又過得兩日,便是朔日初一,老太太天沒亮就早早起來,說是要去為靈淵上香還願,因著她一早就在嘀咕這事兒,赤珠也就沒多攔她,反倒是提前買好了香燭之火,瓜果供品之類,隻叮囑她老人家路上走慢些,天黑前回來就是。
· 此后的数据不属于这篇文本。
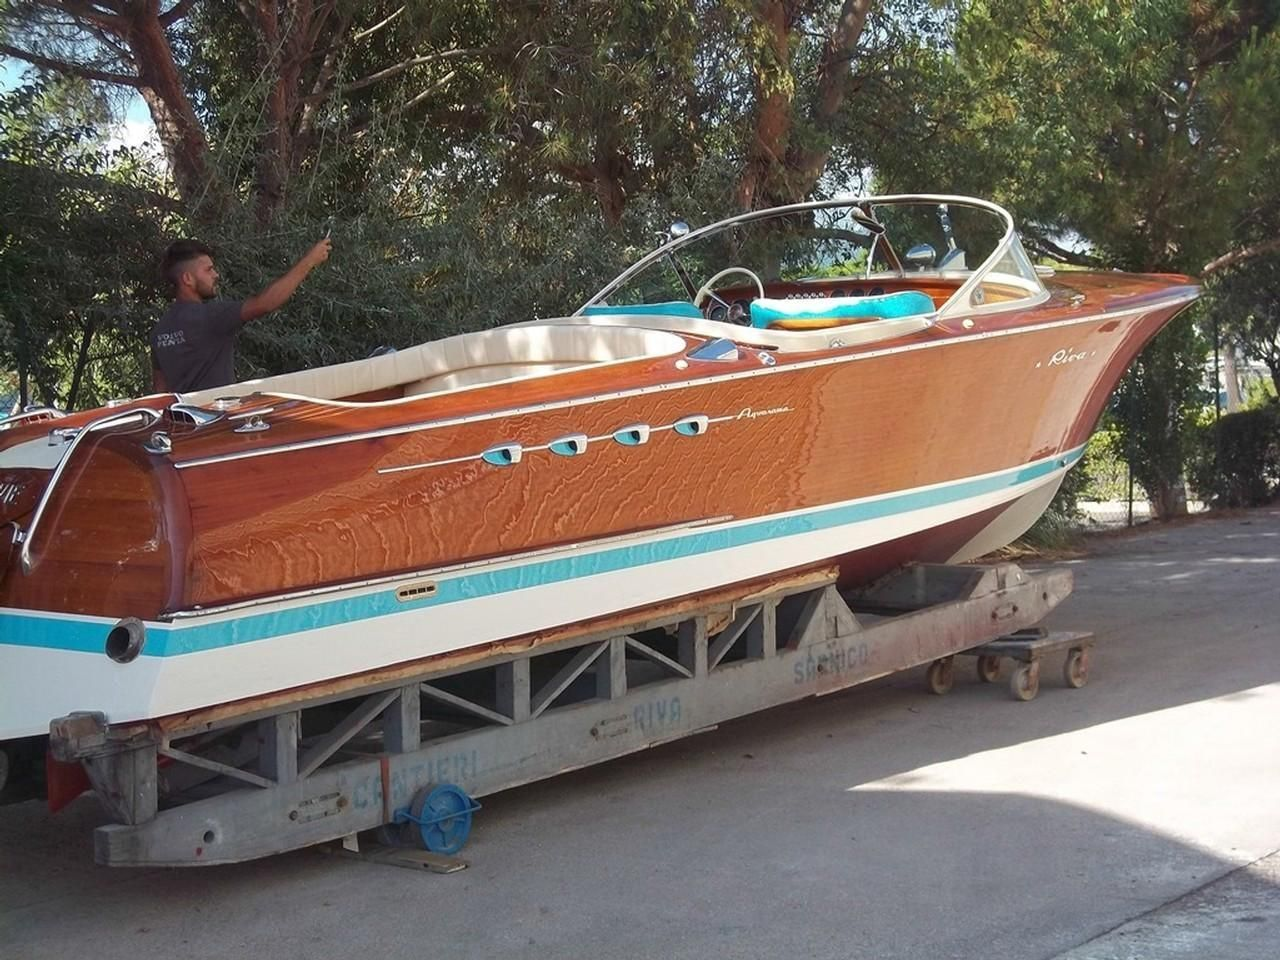 1967 riva aquarama power boat for sale. Black Bedroom Furniture Sets. Home Design Ideas

赤珠的奶奶雖然已經年近九十,可眼不花耳不聾,腿腳也還算輕便,除了糊塗愛亂認兒子以外,尋常自己出門倒也沒有什麽問題。也是她這兩個月關心著靈淵,一直不曾去跟附近村裏的老姐妹聚聚,現如今靈淵已經見了大好,老人家出去走走也無可厚非。
奶奶不在家,赤珠便不上山去砍柴,隻留在家裏,一方麵是照顧靈淵,一方麵也是趁機會幫老太太把衣服洗了。便是一大清早,就聽得她打水捶衣,靈淵也睡不安穩,也起來幫著她做些活計。
經過了前兩天那件事後,兩人的關係又是拉近了不少,便是靈淵事後想想,又揣摩赤珠的意思,便也大概猜出了她七八分的心意,自是心中有數,回憶先前種種,倒也覺得赤珠真還是個可堪托付的姑娘,自己便是留心,便是開了竅了。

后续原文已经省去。